The Holy Week journey is a time of sensual and emotional intensity: the sight, taste and smell of the delicious Middle Eastern dishes at our Passover meal on Maundy Thursday; the touch of another’s hands washing our feet in scented water and drying them with care. At the Great Vigil on Saturday evening, the story of our faith, of the Creation, the words of the prophets and psalmists, are unrolled before us. In readings from the Bible and the Qur’an, we remember our heritage, shared with Muslims and Jews, as children of Abraham, and we pray that enemies may embrace, that nations may seek together the way of peace. And our eyes delight in the brightness of Easter dawn, as the Light of Christ is carried high into the church.

But it is still Thursday evening, and from our noisy meal we go quietly into the church. We strip from the sanctuary all ornament, all sign of celebration or life. Then, one by one, the candles are put out, all but a single flame. Now anonymous in the darkness, figures sit, stand or lie dotted about the church. Jesus sweats his agony in the Garden of Gethsemane. Gradually, people leave, some whispering to the children ‘yes, it’s time to go now’. Just as it would have been. The candle flame flickers, as if in panic, then stills, flickers, stills. Just as it would have been. Alone in the darkness. We leave the candle, flickering, then still, alone in the darkness.

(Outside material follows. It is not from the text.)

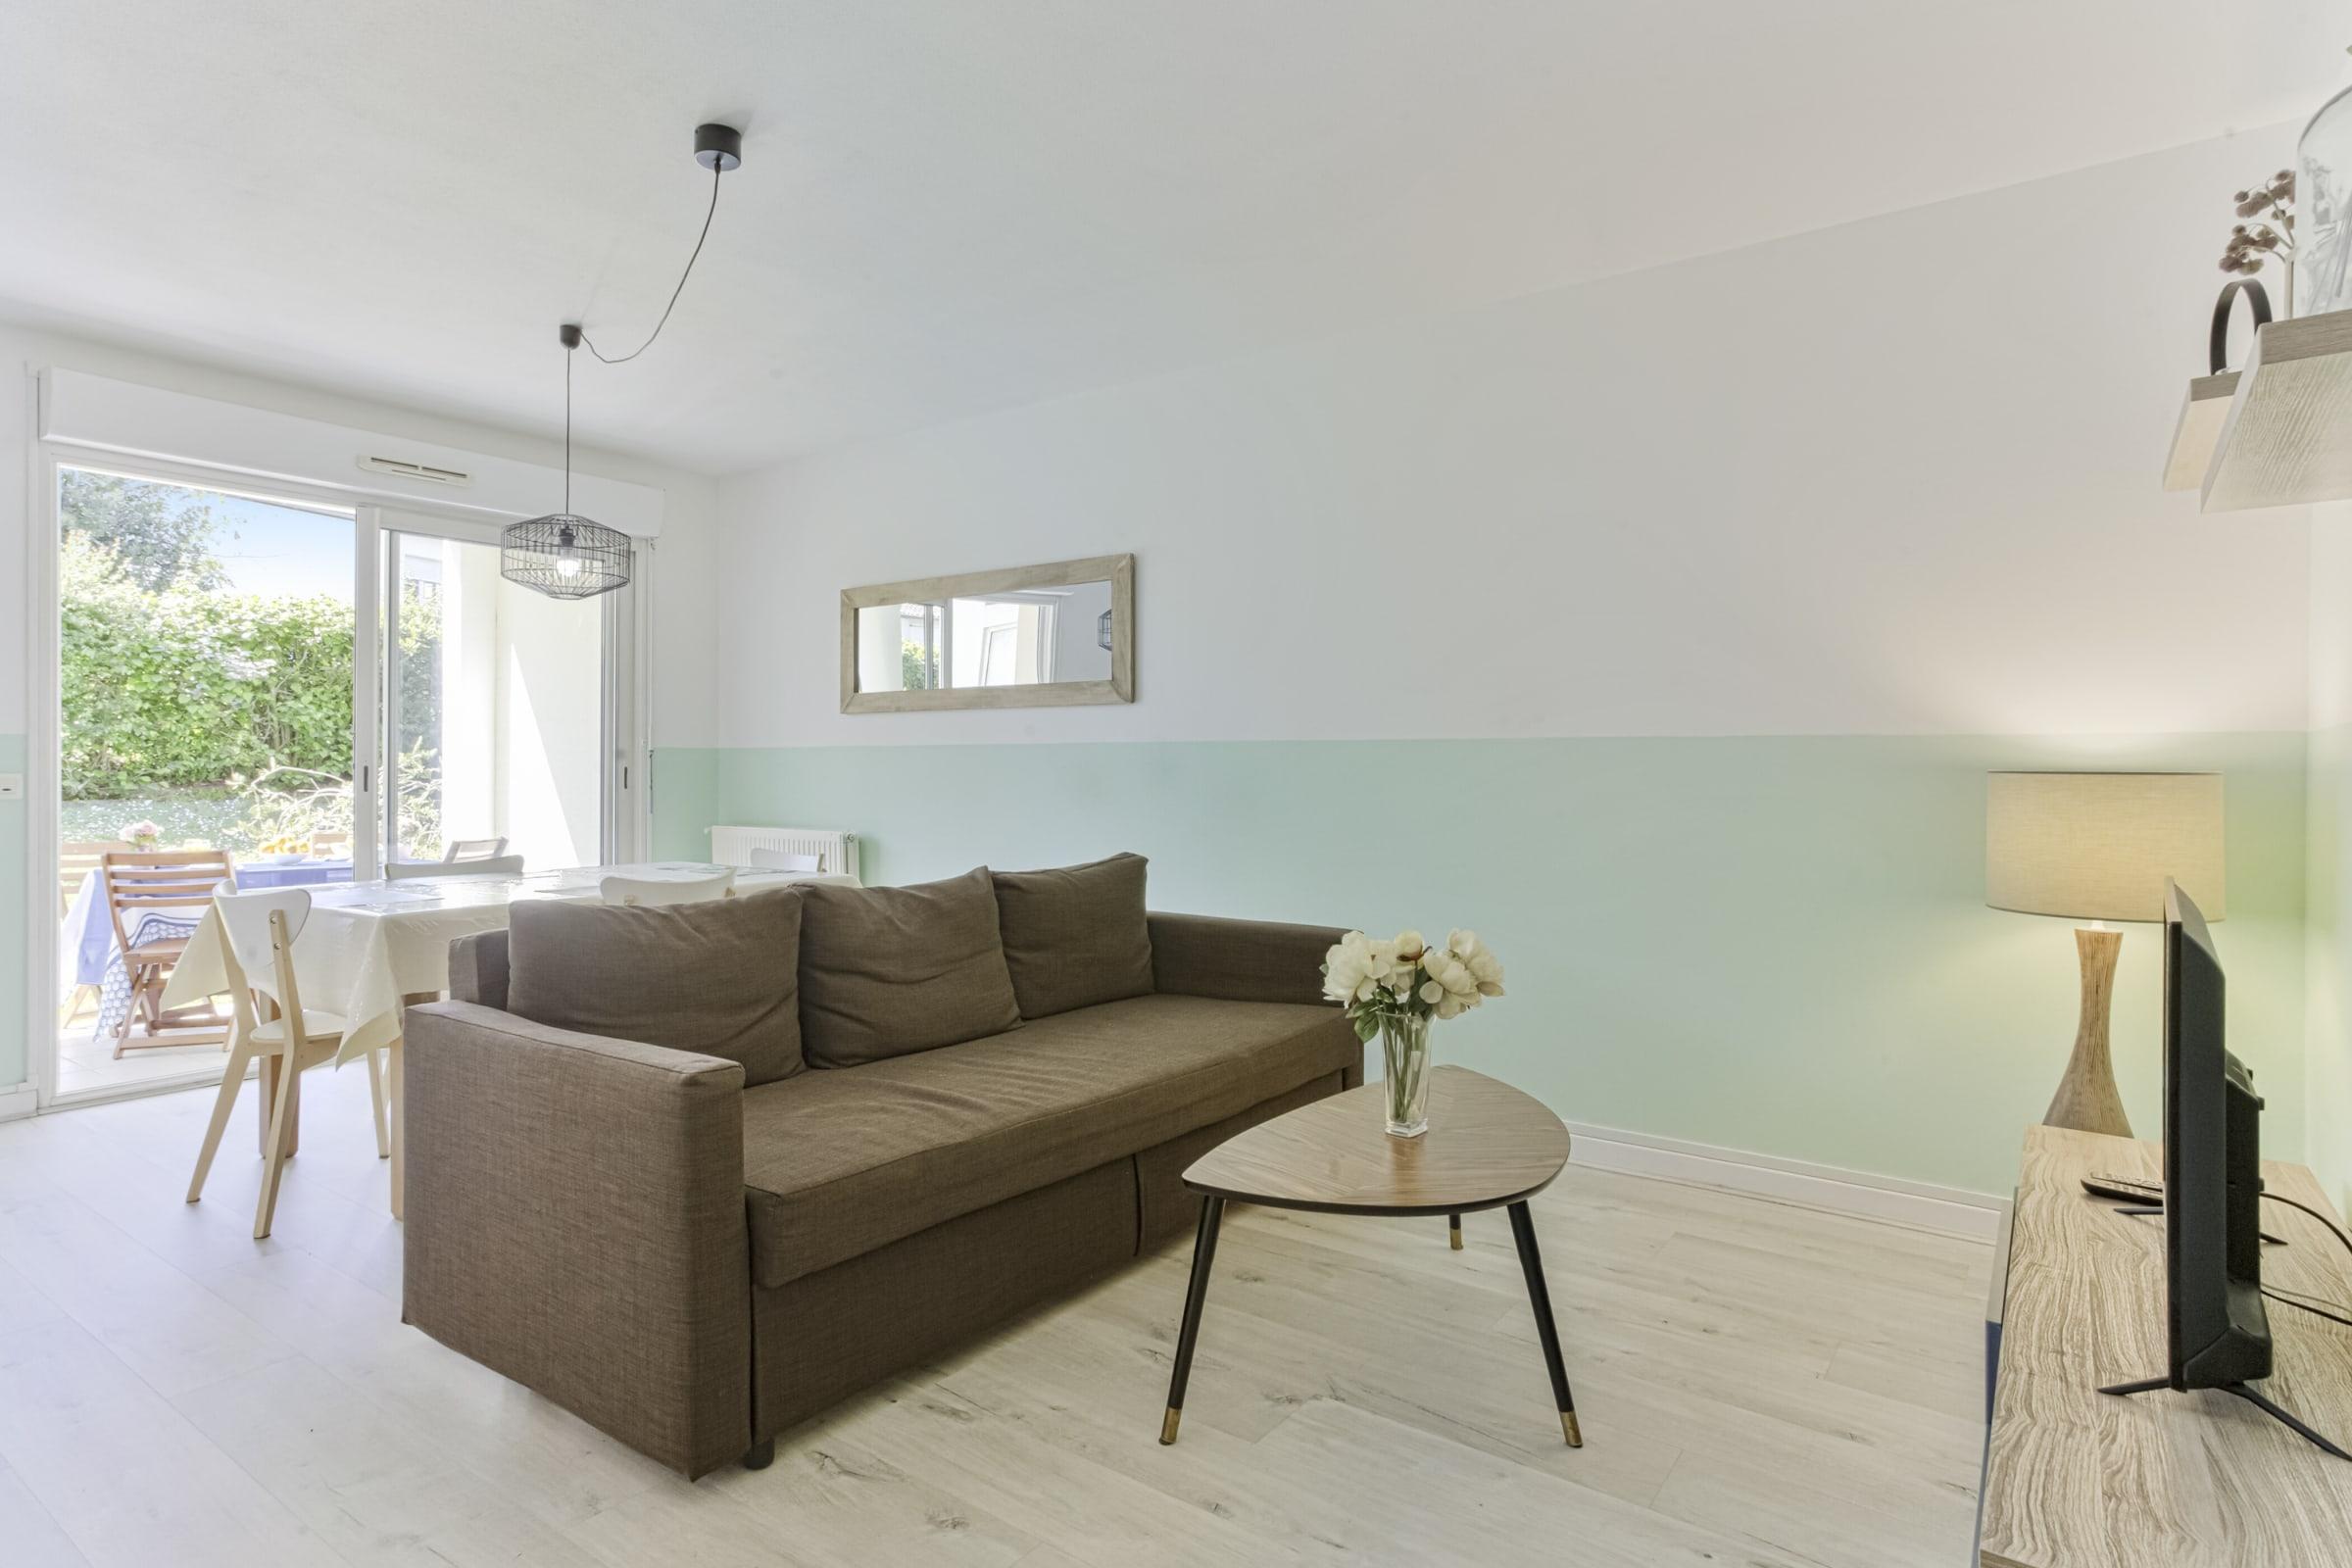 Property Image 2 - Charming flat with sunny terrace - Anglet

On Friday afternoon, we shift from hand to hand the weight of a 6-inch nail. We feel the weight of all those other crucifixions, we grasp at the unimaginable weight of the sorrow and pain of our world. We meditate on those who keep hope alive when everything tells them ‘despair!’ Those who ‘age after age, perversely, with no extraordinary power, reconstitute the world’ [Adrienne Rich]. We write letters to demand the release of prisoners of conscience, freedom for victims of torture. ‘Were you there when they crucified my Lord?’ The hour is come — three o’clock. It is accomplished.

On Saturday evening, the Great Vigil. As we listen in the candlelight, we hear where we have come from as people of the promise — the promise of hope, of liberation from oppression. We hear the voices of the prophets, Ezekiel’s story of the dry bones taking on flesh, taking on life and having spirit breathed into them. And finally we hear again the Passion of Jesus, in whom all this promise is fulfilled.

At dawn, we gather and follow the new Paschal candle into the church. The tomb is empty. ‘The Light of Christ’ sings out, three times. ‘Thanks be to God’, we sing in reply. Life-giving strength bursts from the grave. Light overcomes darkness. Love has overcome even death. We make again our baptismal vows: ‘I turn to Christ. I repent of my sins. I renounce evil.’ We claim new life in Christ, and with this claim we resolve to go out and proclaim and share the fullness of life of the Risen Christ.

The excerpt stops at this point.